Imagine your funeral.

No, stop, stop!

Don’t glibly think of an unfilled grave on a windswept hill. Some random clergy reciting scripture. A raging storm swirling in the blackening sky above and Mozart’s Requiem wailing in the wind.

I want you to really transport yourself.

Like dropping through a worm hole or traveling with The Doctor in the TARDIS and actually being present.

You need to do some real work, take the path of most resistance, be inventive, confront your own mortality.

Set the scene.

Imagine the building, what type of structure is it? What colour are the walls, the floor, the chairs? Is there music playing in the background? What is it? Think about the layout of the room with your coffin at the front and quietly consider who will be sitting there with you.

Who’s in the front row? Imagine your partner, your children, family and friends bereaved before your casket. What are they wearing and who’s sitting with who? Who’s comforting, weeping, mourning or sitting in silent contemplation?

Run it like a scene from a movie in your mind. Look into your children’s faces and deep into their watery, bloodshot eyes as they gaze at your coffin. Use your new “in death” power to glean their thoughts, experience their grief – be there with them and share it.

Turn to your partner or your closest loved one. Are they the one supporting everyone else? Are they silent and contemplative, stoic in their loss, silently grieving, bereft? You know them so well and can sense their anguish.

Are you there yet?

Is the day of your death vivid in your mind? Can you reach out and imagine holding your child’s hand, comforting them and feeling their despair?

Don’t chicken out and don’t stop until you have tears welling in your eyes and a lump in your throat. You need to be so immersed in the experience that you are sobbing, blubbering and grieving for your own mortality. I want you to be traumatised, grief-stricken for yourself. Bereft at the loss, the wasted opportunities, and absorbed in the suffering of your family.

Take time, close your eyes, dream and imagine, weave a future world and be transported.

But, once there, be gentle. Think of yourself with love and compassion and don’t be judgemental. Tread softly on the delicate fabric of your dreams and be forgiving.

Now, at most funerals, someone will give a eulogy. They will speak to the rest of the assembled mourners about the deceased, what they meant to them and how they impacted their lives. They will try to offer comfort through some collective experience of recall. Choose someone to give the eulogy at your funeral. It might be your partner, your eldest child or a lifelong friend.

Take a pen and paper and write your own eulogy.

You need to do it word for word, don’t think too much about it and don’t try to make it perfect. Let it stream out of your consciousness like a flood, write what you would want them to say. How you would want them to have remembered you, how you have affected their lives, how you have meant so much to them. Don’t get tied up in details, make it about the you that you became, the you that you want to be by the end; the very best of you.

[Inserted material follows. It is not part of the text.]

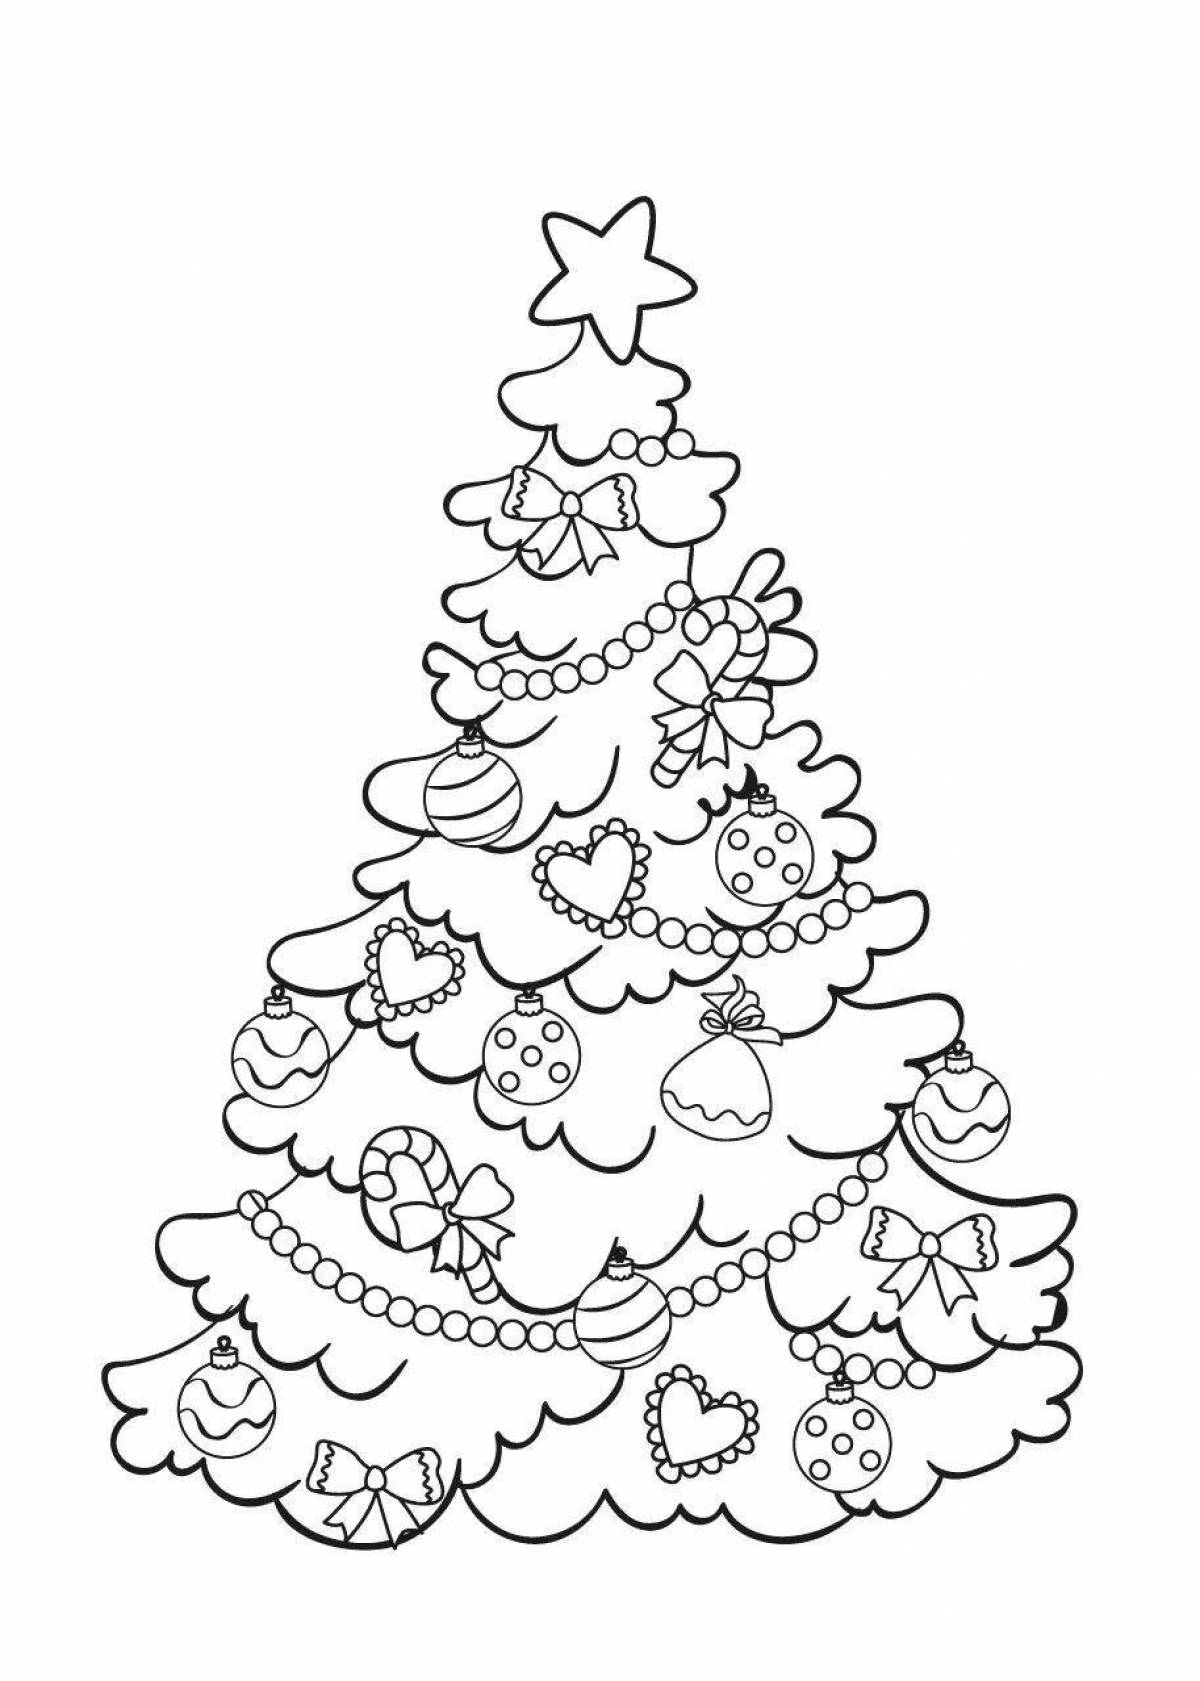 Sparkling Christmas tree coloring book for 6-7 year olds

Screw spelling, grammar or punctuation – go for raw emotion, pure thought and white hot frantic creation.

Most importantly, write in the past tense.

Take your time.

Have you done it?

If not, and you have just scanned down here and bypassed any emotional involvement then I say shame on you. Grow some balls and get back up to the top of this and get started!

To the rest of you, if you have gone through the wringer and have embraced my words and are sitting in front of a tear-stained page of notes – I salute you. I embrace you and congratulate you because you have done one of the toughest and most important things.

For now, take a rest. Come back to the present and relax a little! Take a moment to appreciate the gulf of time between the present and where you have just been.


We spend a huge amount of our lives wondering what on earth we should be doing. Scrabbling through superfluous crap looking for meaning and being frantically busy doing stuff, often just for the sake of it.

By imagining your ending, your eulogy, what you want to be remembered for by the people who are most important to you, you’re taking a shortcut to clarity. You will snap into sharp focus the things that are truly important to you and allow you, in life, to achieve them before the end. You can’t plan a journey without knowing your destination, it would be pointless. Yet that’s what so many of us do with our lives.

How do you want to be remembered?

Are you currently doing the right things that will build your legacy or are you wasting time, lost and without direction or focus? What would the people who will be at your funeral say about your life as it is now?

Now, go back and look over what you have written and distill it into a series of powerful statements. Something along the lines of “(your name) was always…..”, “I will never forget how (your name) used to……..”, etc, etc.

Create a list of ways that you want to be remembered, a list of your legacy, a list of your lasting impact on the world. It doesn’t matter if these seem far removed from where you are now or seem unattainable. You’re writing a list of how things would be if you reached your death having achieved your full potential.

The great thing is you still have time to bring this about!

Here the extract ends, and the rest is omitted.